RAW DATA ▸
((

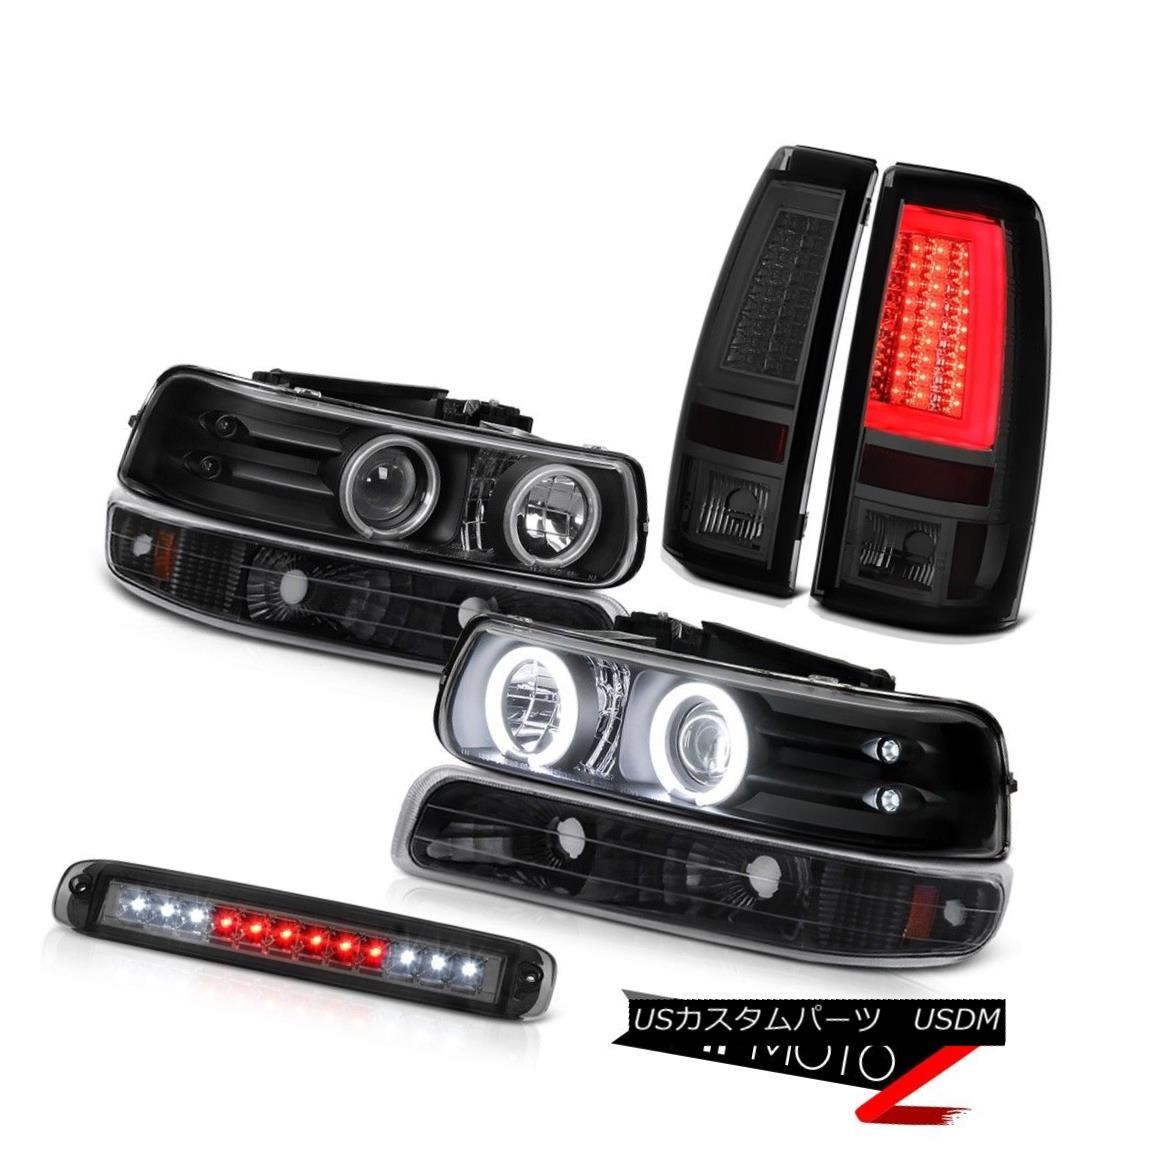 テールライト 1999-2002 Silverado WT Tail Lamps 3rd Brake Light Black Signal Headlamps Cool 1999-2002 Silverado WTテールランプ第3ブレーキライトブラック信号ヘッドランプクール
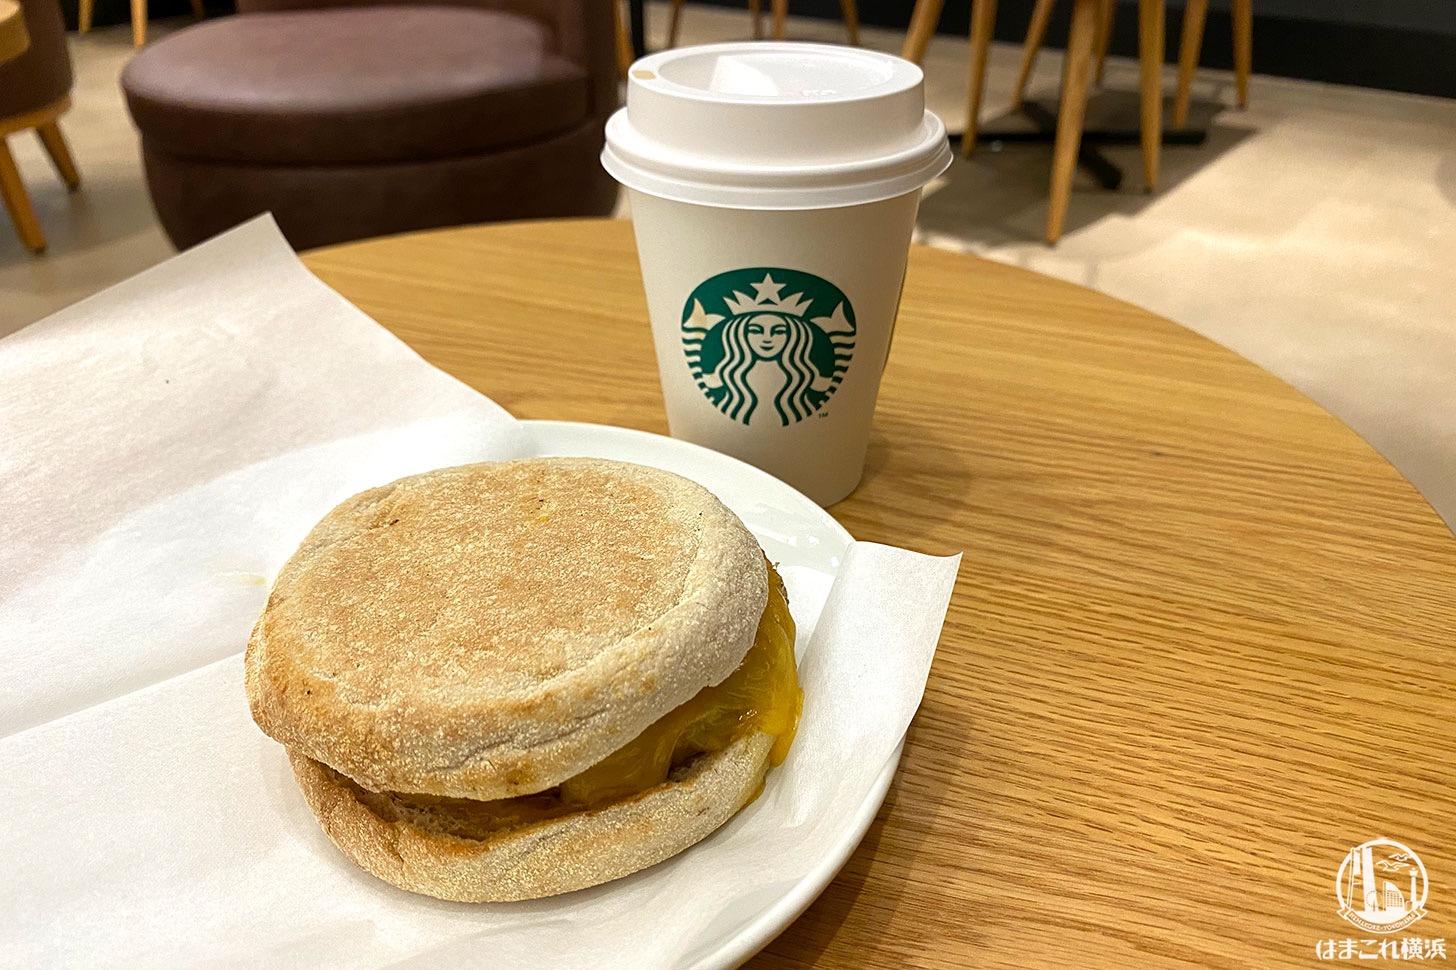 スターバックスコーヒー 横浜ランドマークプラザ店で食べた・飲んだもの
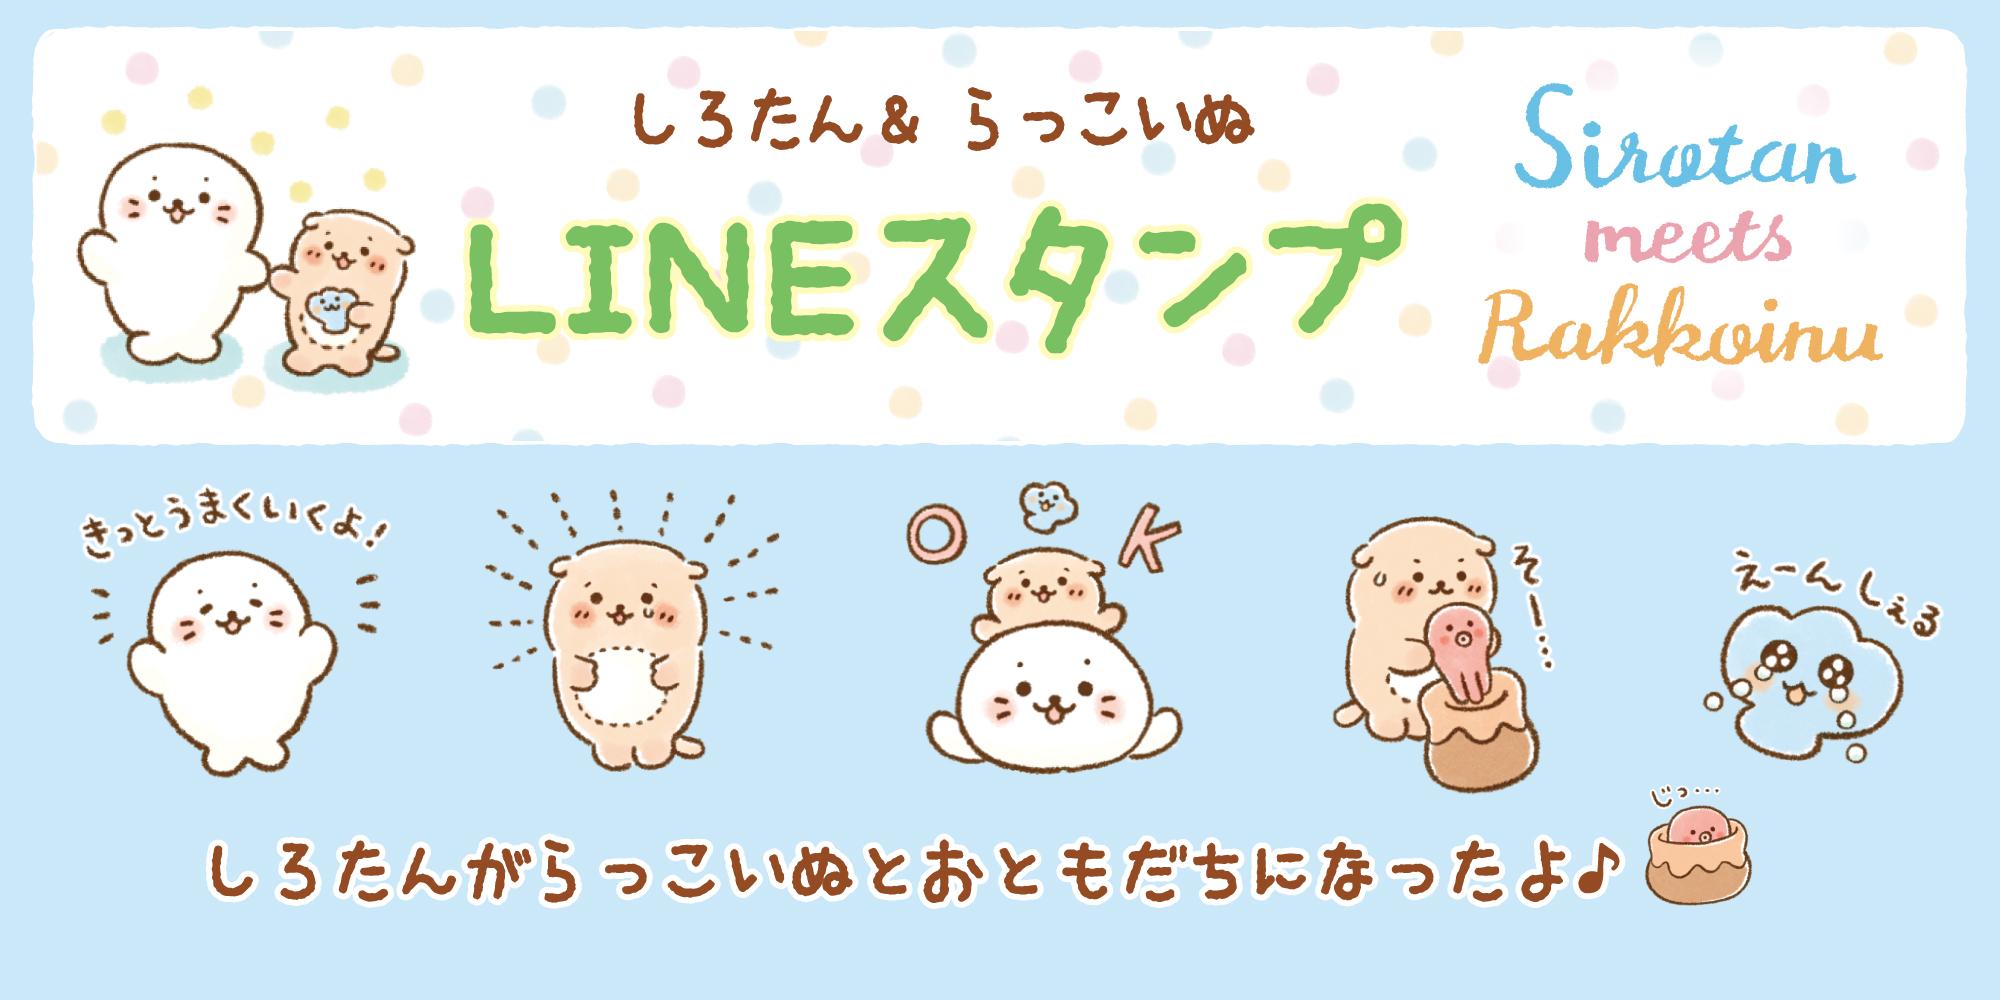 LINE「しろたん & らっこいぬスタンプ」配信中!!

))

Leaving out the pictures, restate the listing above exactly.

TASK ANSWER ▸
 テールライト 1999-2002 Silverado WT Tail Lamps 3rd Brake Light Black Signal Headlamps Cool 1999-2002 Silverado WTテールランプ第3ブレーキライトブラック信号ヘッドランプクール
 スターバックスコーヒー 横浜ランドマークプラザ店で食べた・飲んだもの
 LINE「しろたん & らっこいぬスタンプ」配信中!!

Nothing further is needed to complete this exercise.